* **Material for this task**:
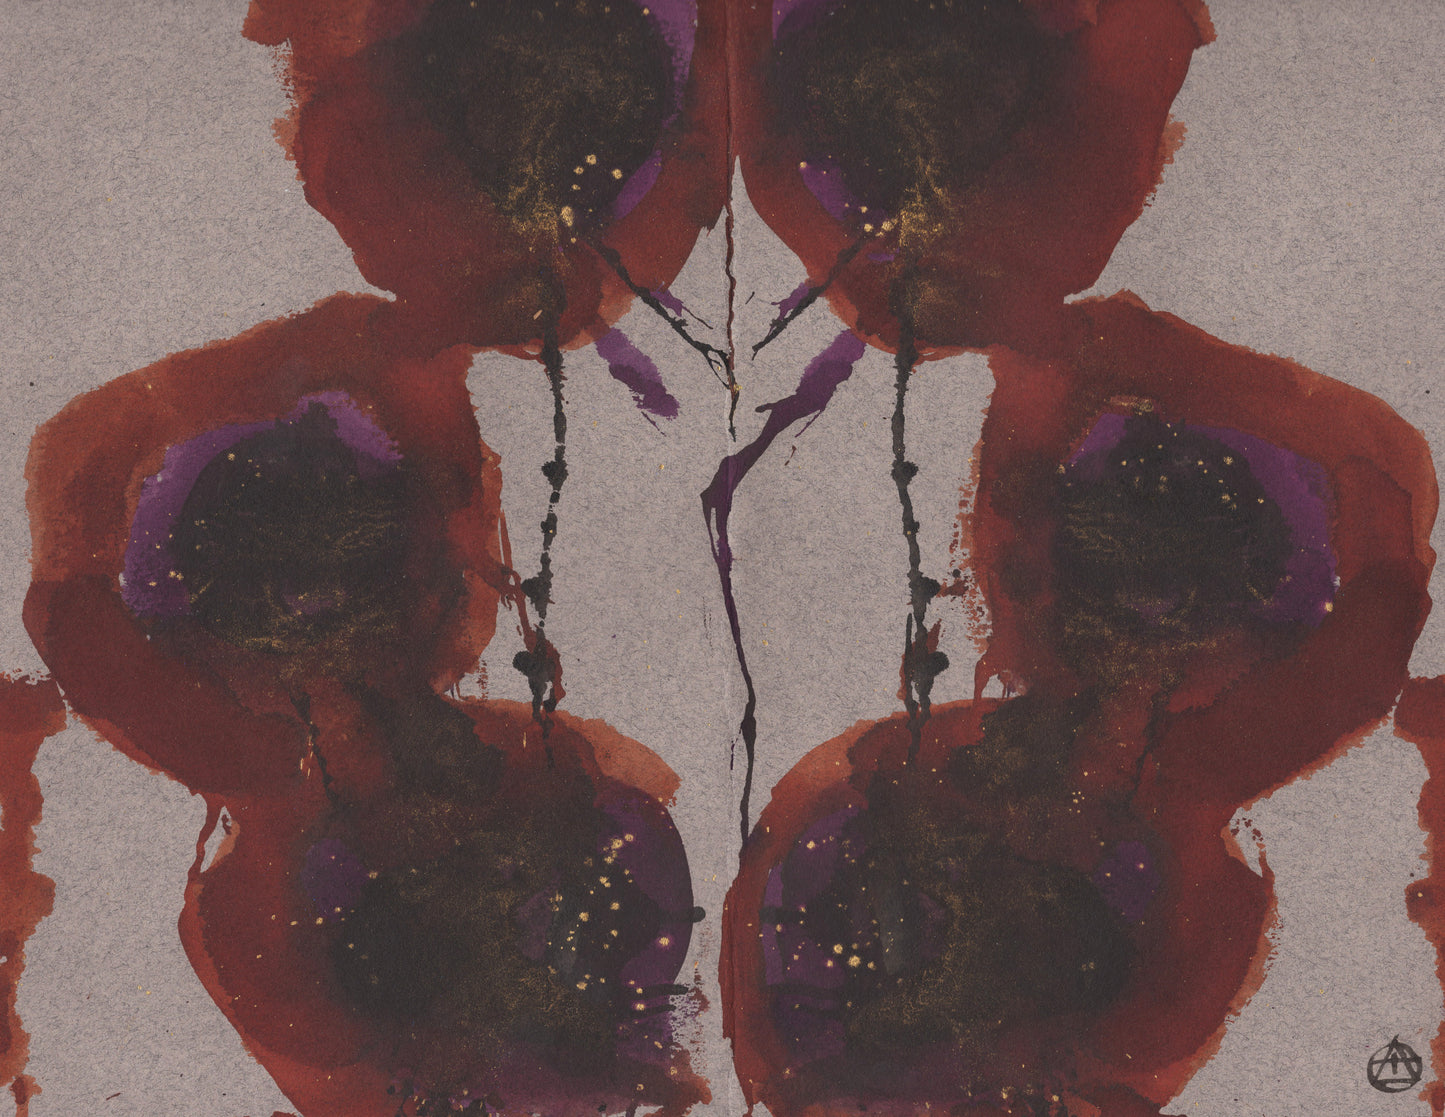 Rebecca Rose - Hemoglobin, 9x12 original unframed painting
==
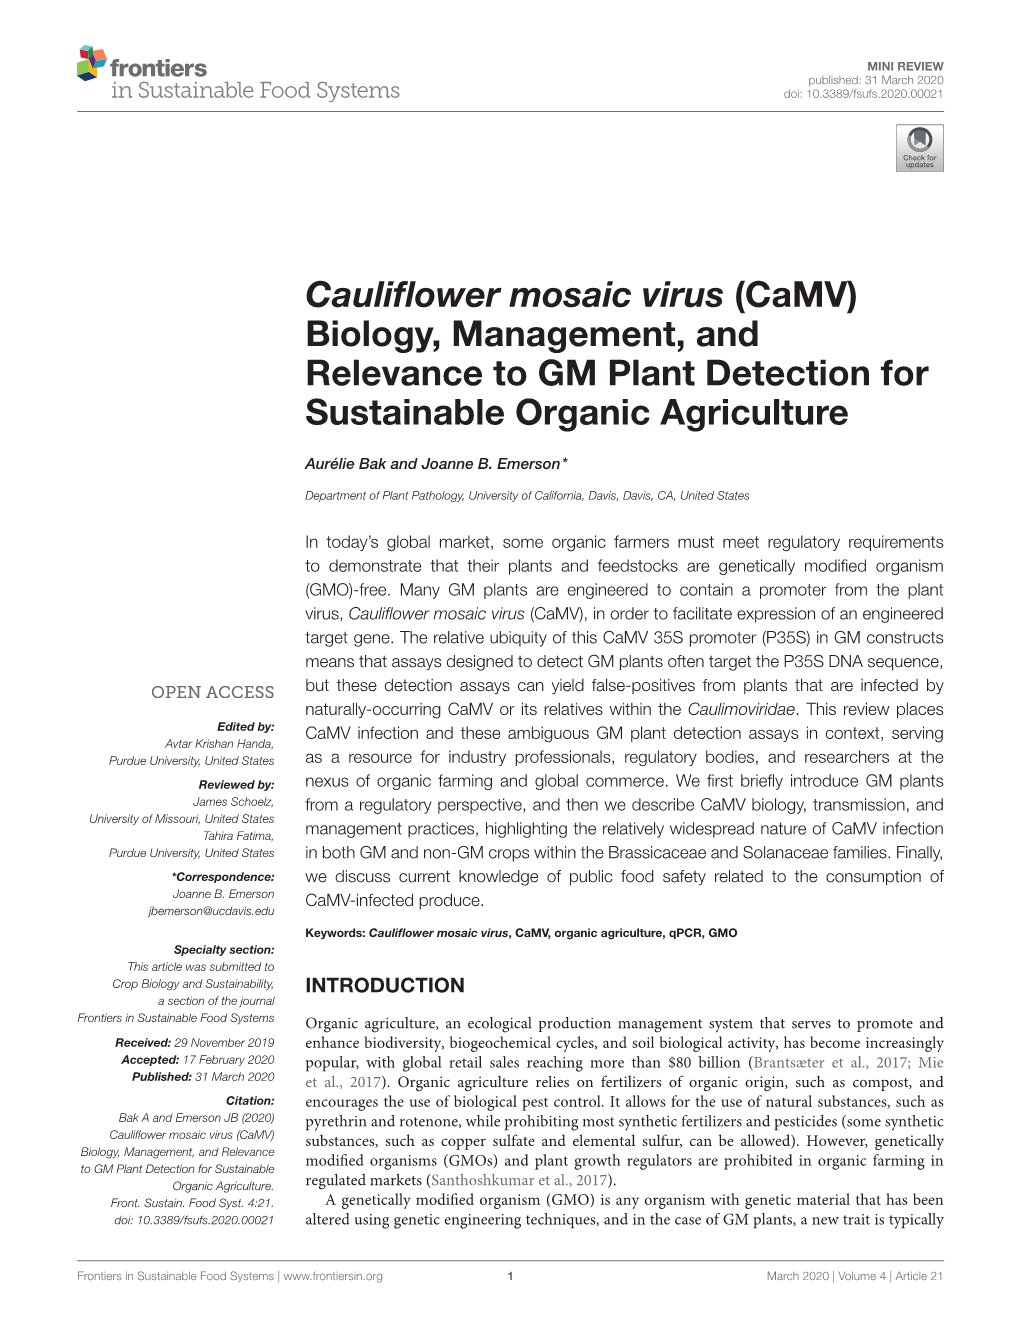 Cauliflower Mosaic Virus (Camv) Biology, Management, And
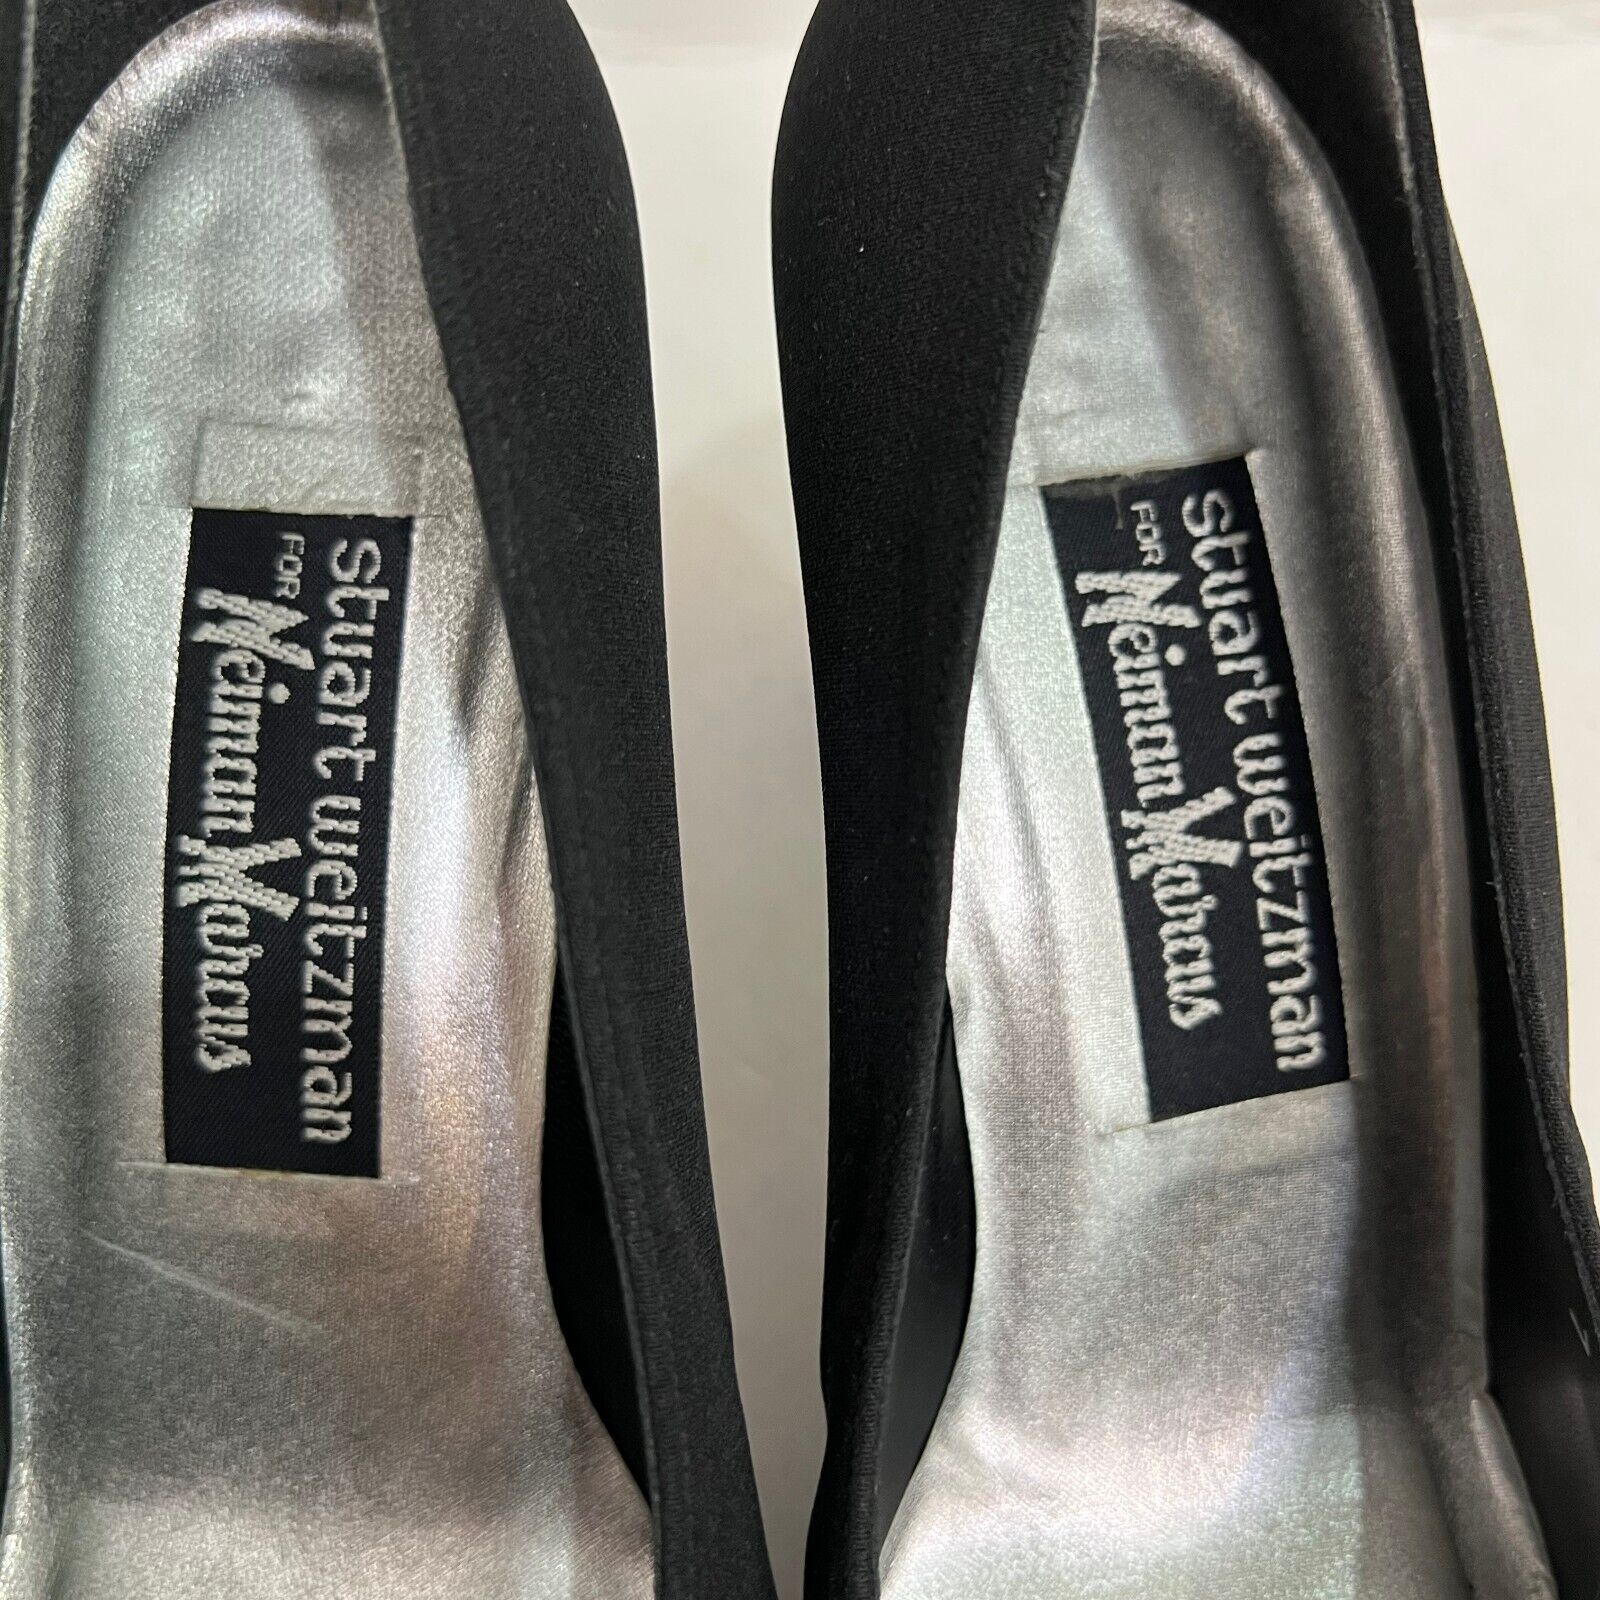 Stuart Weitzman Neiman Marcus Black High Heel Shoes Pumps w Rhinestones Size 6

* **Exercise brief**:
After locating the line containing "Cauliflower Mosaic Virus" in the entries above, return it and every line after it exactly, ending at the line containing "Stuart Weitzman Neiman", without pictures.

* **Worked solution**:
 Cauliflower Mosaic Virus (Camv) Biology, Management, And
 Stuart Weitzman Neiman Marcus Black High Heel Shoes Pumps w Rhinestones Size 6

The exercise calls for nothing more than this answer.